Moss’ love for wordplay is less satisfying to me. “Who Am I to Say?” begins, “History is ordinary, but not W.H. Audenary,” and though I caught the allusion to Auden’s great poem “Musée des Beaux Arts,” it seemed to me an excessively clever, even off-putting beginning to a poem that otherwise holds considerable tenderness.

Moss’ many references to the writing of poetry itself became, for me, a bit less fresh with every recurrence. But at his best, as in another epistolary poem, “For W.S. Merwin,” Moss spins his wordplay toward wisdom, as in these lines: “I hold if you want to understand someone’s heart / find out what breaks it.”

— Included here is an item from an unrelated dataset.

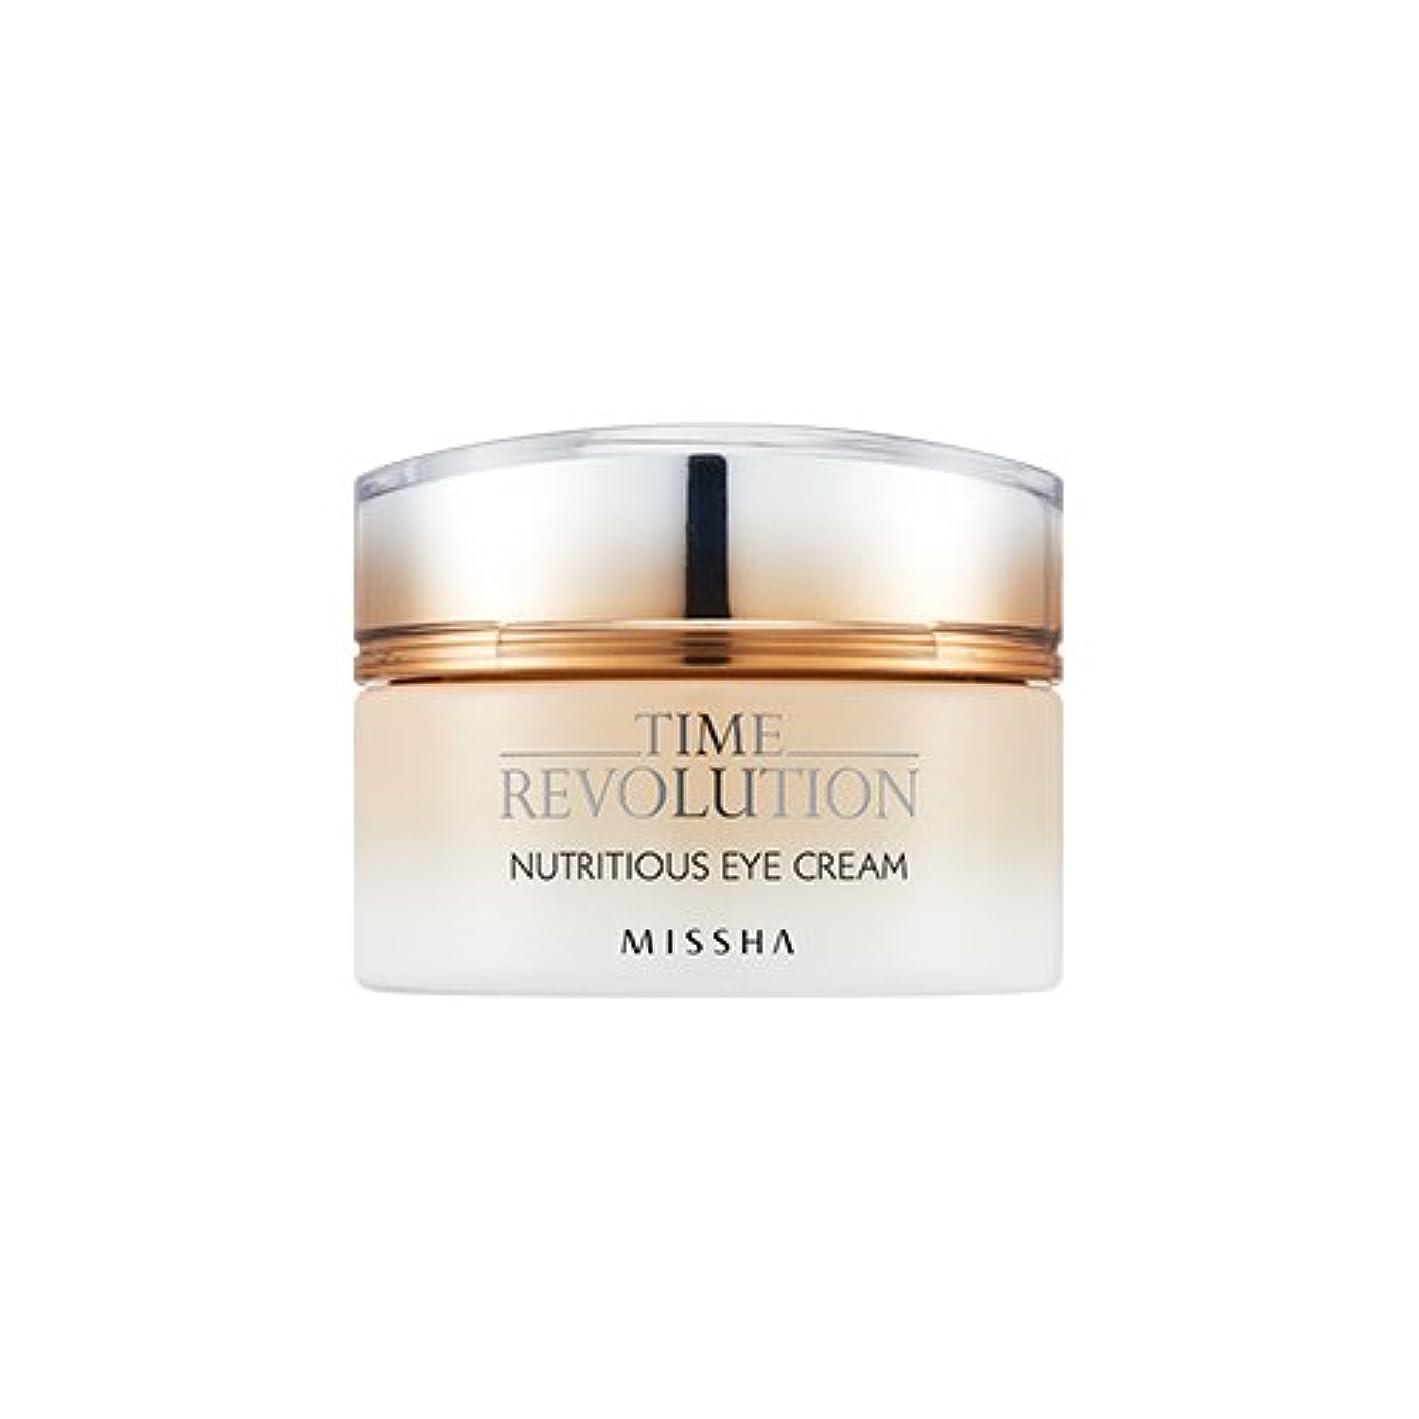 ショート補体満州[New] MISSHA Time Revolution Nutritious Eye Cream 25ml/ミシャ タイム レボリューション ニュートリシャス アイクリーム 25ml [並行輸入品]
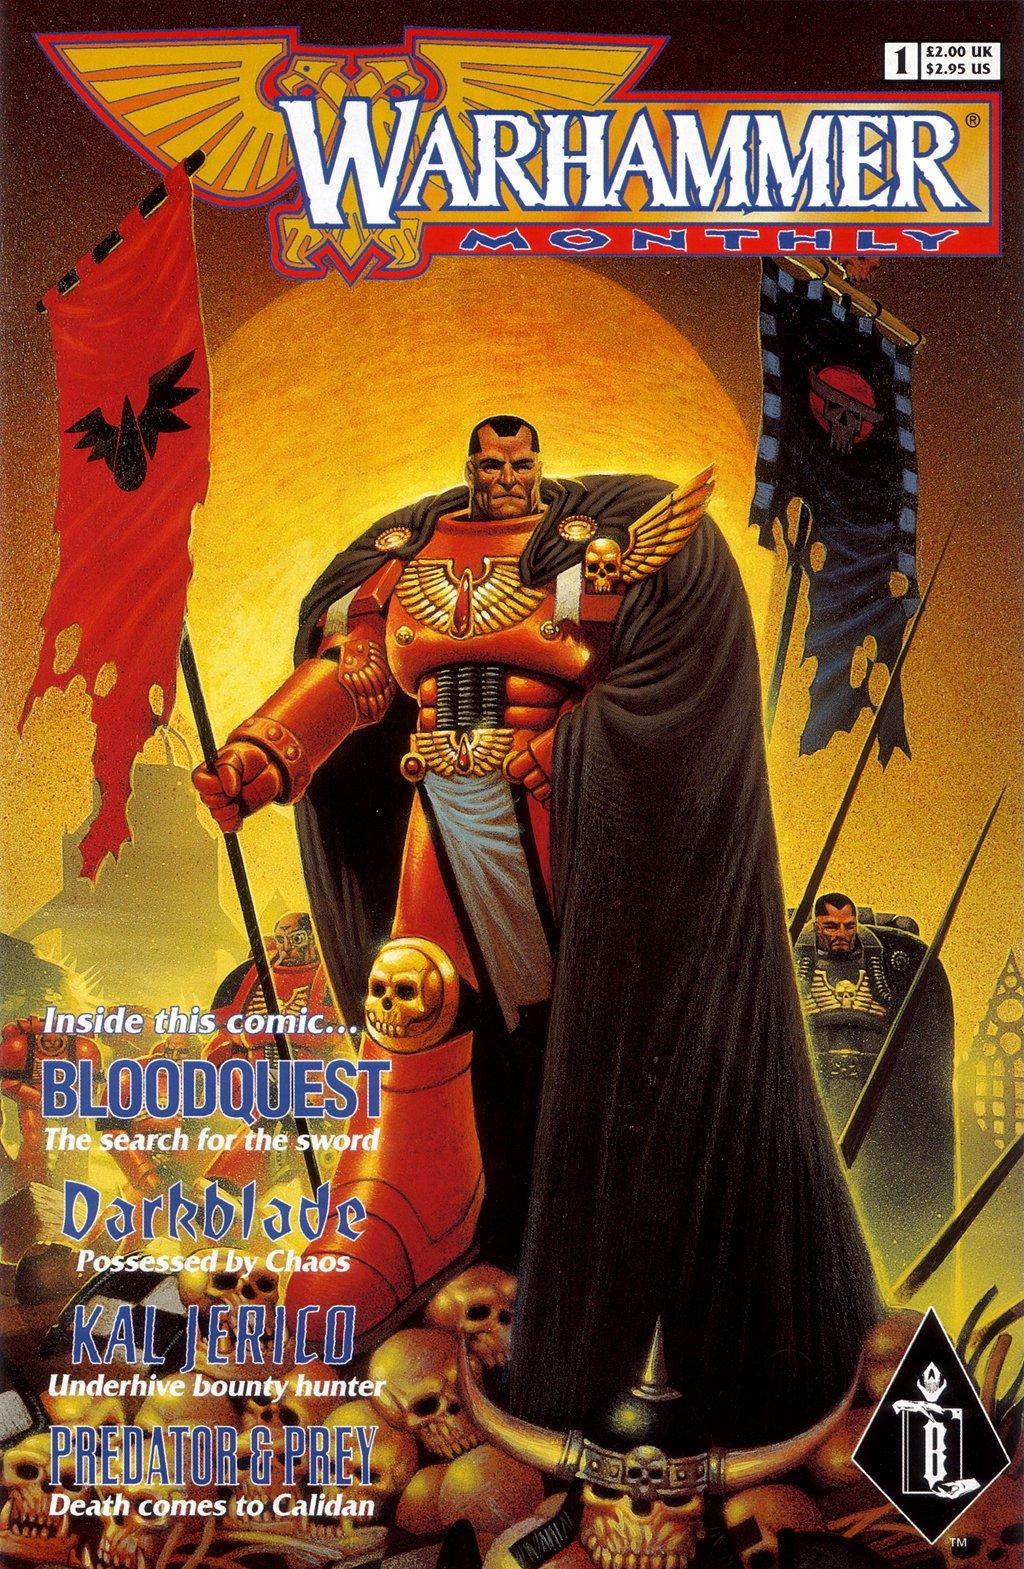 Самые крутые комиксы по Warhammer 40.000 | Канобу - Изображение 9

I’ll be meditating on that idea for some time.

Rose Solari is the author of three full-length collections of poetry, The Last Girl, Orpheus in the Park, and Difficult Weather; the one-act play “Looking for Guenevere”; and the novel A Secret Woman. She has lectured and taught writing workshops at many institutions, including the University of Maryland, College Park; St. John’s College, Annapolis; and the University of Oxford’s Centre for Creative Writing in Oxford, England. Her awards include the Randall Jarrell Poetry Prize, an EMMA award for excellence in journalism, and multiple grants. In 2010, she co-founded Alan Squire Publishing, a small press with big ideas.